Ethical Considerations
Institutional review board approval was obtained at the University of Illinois Chicago (protocol number: 2019-1333). We obtained informed consent from all participants before the screening protocols. Participants were informed of their right to withdraw at any time, and confidentiality was rigorously maintained with data anonymization and secure storage protocols. We also have provisions for handling sensitive information and incidental findings responsibly, ensuring that participants are supported throughout the study and in the aftermath of any discoveries made during research activities. To minimize potential risk from study procedures, (1) participants were carefully screened to exclude those who were physically, neurologically, or psychiatrically at risk or had a prior or current history of a major medical, neurological, or psychiatric disorder; (2) studies were conducted in areas located in close proximity to a hospital, where emergency assistance can be obtained; and (3) a complete medical history, review of medications and physical symptoms or signs were performed before entry into this study. Furthermore, the evaluation of mood disorders included suicide risk screening by a board-eligible or board-certified psychiatrist. Participants with active suicidal ideation were excluded from the study. If a participant exhibited active suicidal ideation, they were connected to a doctoral-level study staff for emergent psychiatric evaluation. If needed, patients with elevated suicide risk were offered inpatient hospitalization or an immediate clinical evaluation in either the emergency room or an outpatient clinic. Participants were compensated through cheques or gift cards 4-8 weeks after the end of their participation, with values commensurate to their involvement.
Results
plots the histogram of daily backspace rates across participants across days. The average daily backspace rate is 0.161 (SD 0.062). For participants in the mood disorder group, the average daily backspace rate is 0.165 (SD 0.066). For participants in the healthy control group, the average backspace rate is 0.145 (SD 0.051). Using a linear mixed-effects model with random intercepts accounting for the nested data structure from daily data, the backspace rates on the continuous scale did not differ between participants in the HC and in the MD groups (P=.11).

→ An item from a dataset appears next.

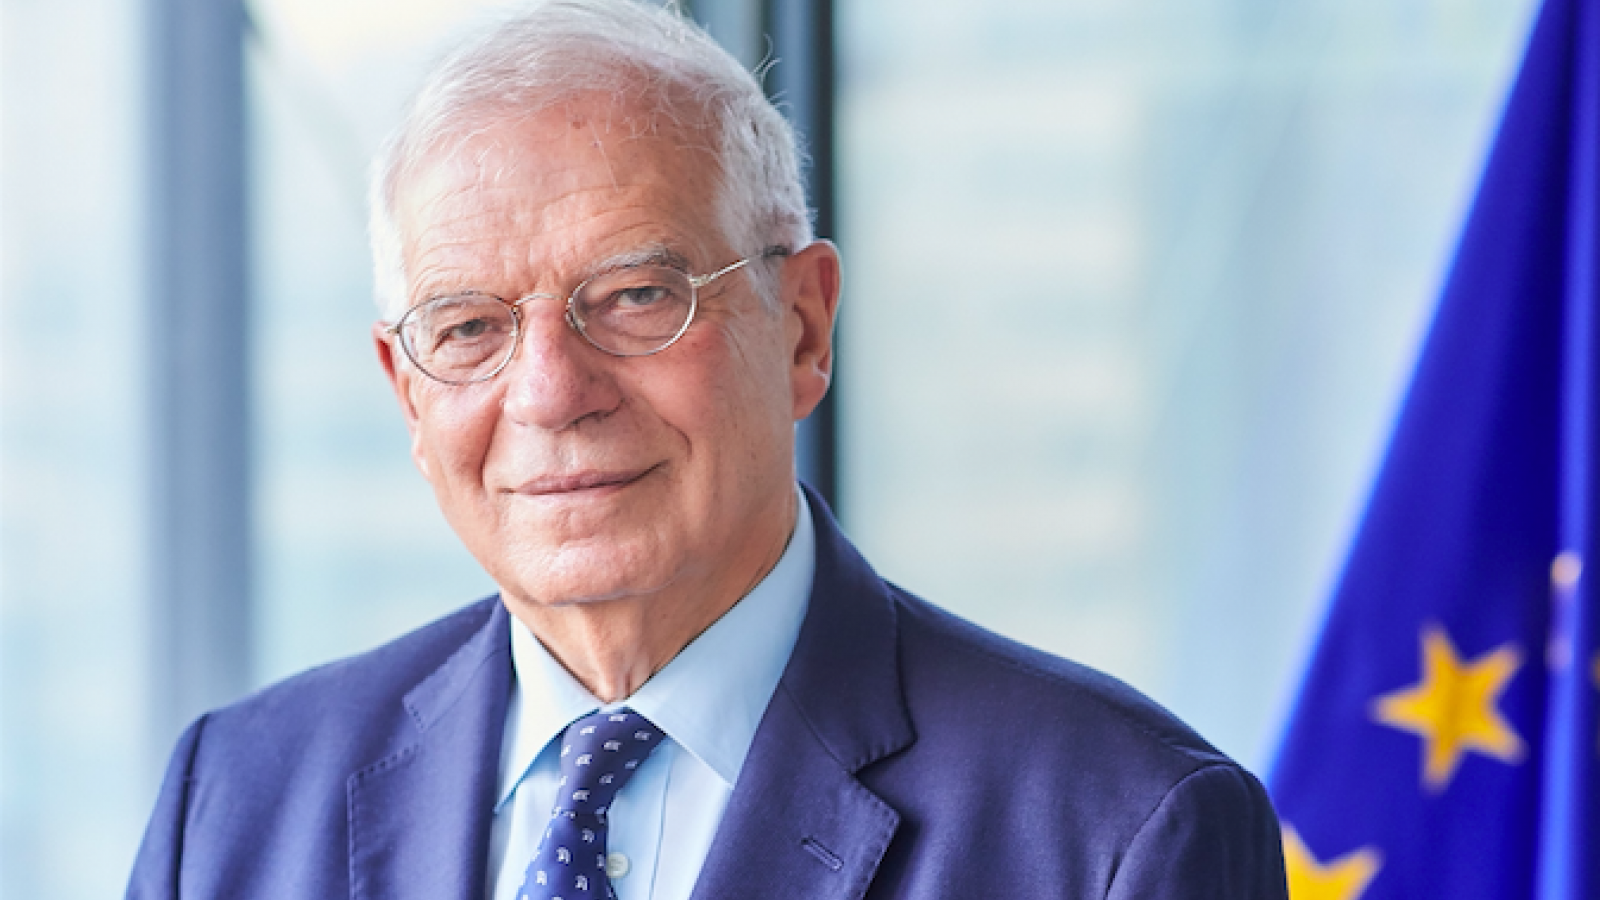 Borrell: Είναι σημαντικό να συνεχίσουμε να ενθαρρύνουμε τις θετικές εξελίξεις με την Τουρκία
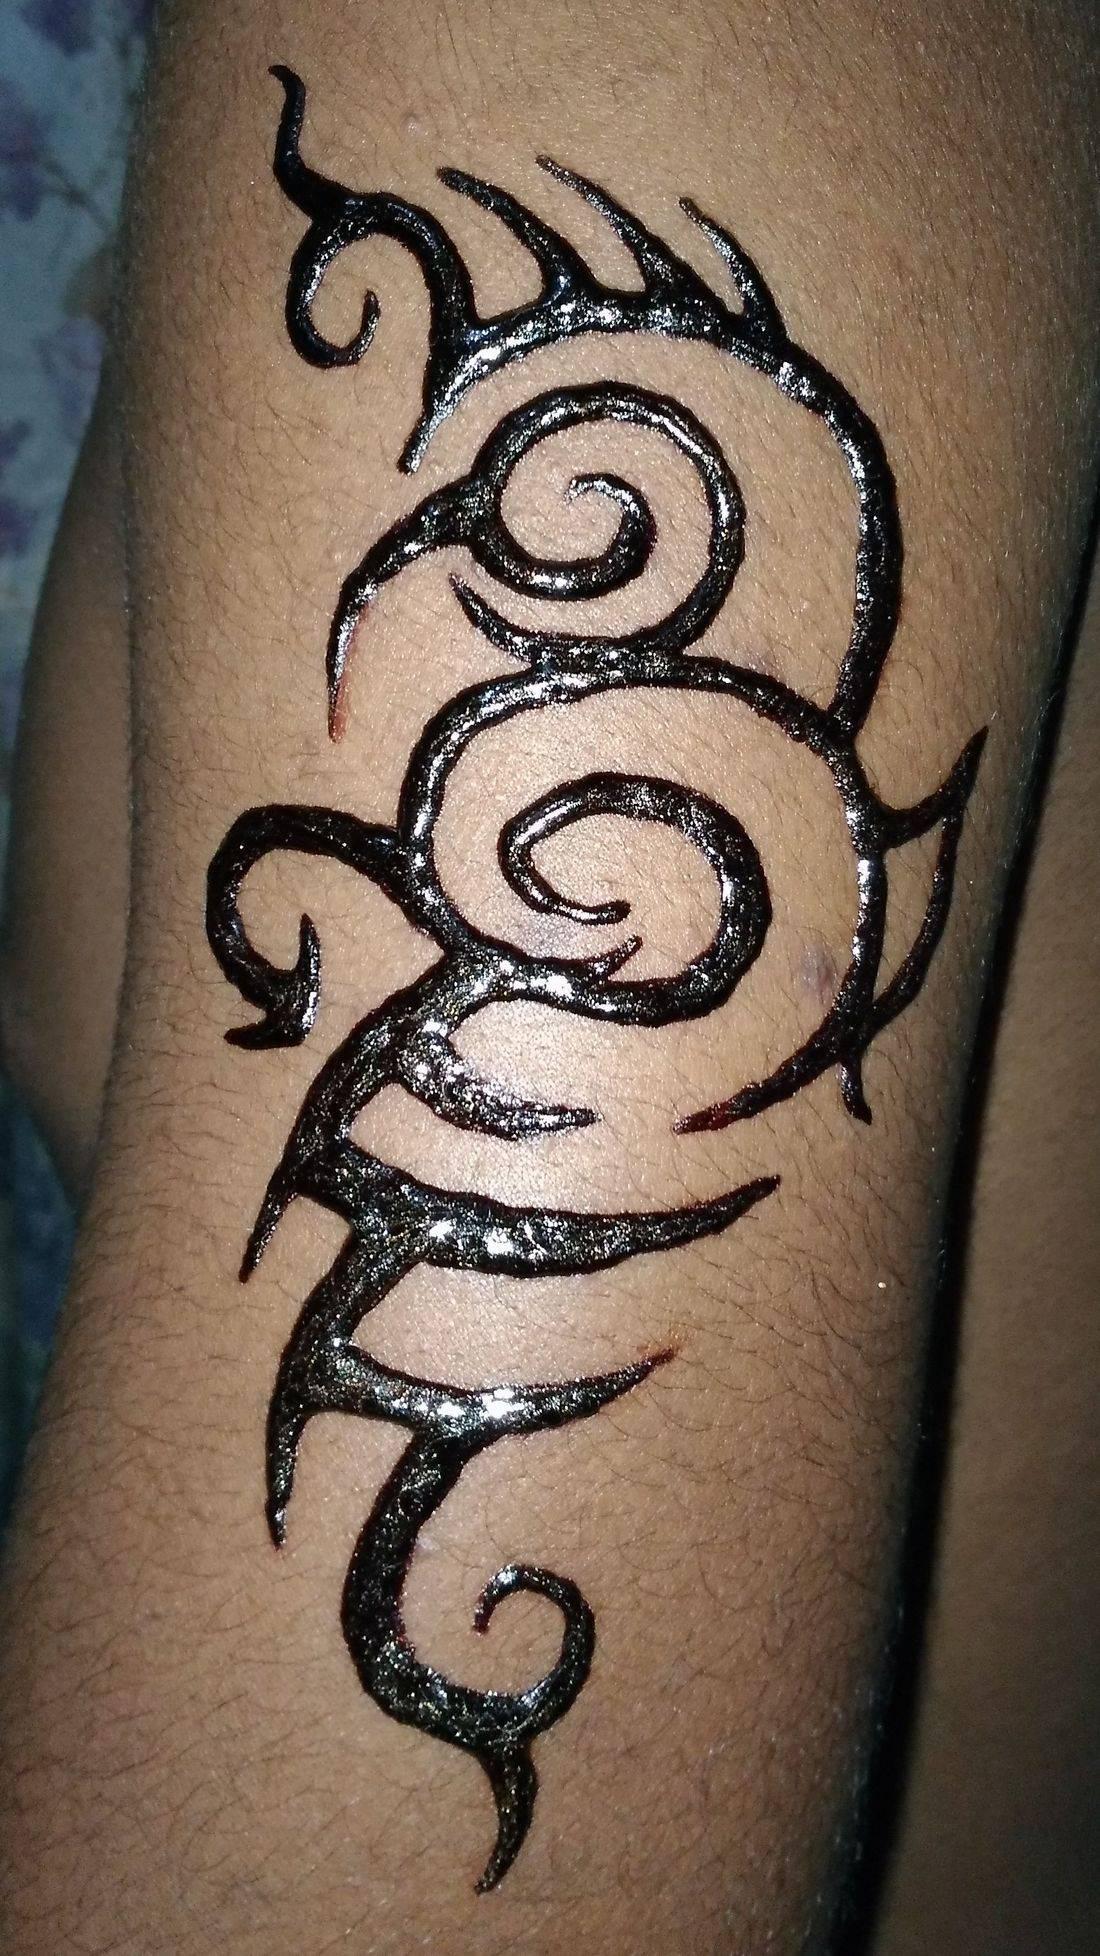 Tribal Henna, Tribal, Henna, JaHenna, Henna in Jamaica, Henna in Negril, Henna By Candice Peart

In terms of usability, the average across all questions was 5.28, indicating general ease of use. The average ratings for individual questions were as follows: (1) 5.47 for “I learn to use it quickly,” (2) 5.57 for “I easily remember how to use it,” (3) 5.24 for “It is easy to learn to use it,” and (4) 4.84 for “I quickly became skillful with it.” These detailed responses reflect a high level of user acceptance and positive interaction with the app.
Phenotype Identification
Models with 2 to 4 classes, respectively, had DICs of –9061.370, –9669.93, and –9772.263. The 4-class model demonstrated the best internal fit per DIC but had 1 class with only 2 individuals. While considering the relation between estimated classes and mood disorder diagnoses, we found that both the 3-class (χ2(4)=10.95, P=.03) and the 4-class (χ2(6)=13.48, P=.04) models showed significant associations to mood disorder diagnoses. Taken together, the 3-class model was selected.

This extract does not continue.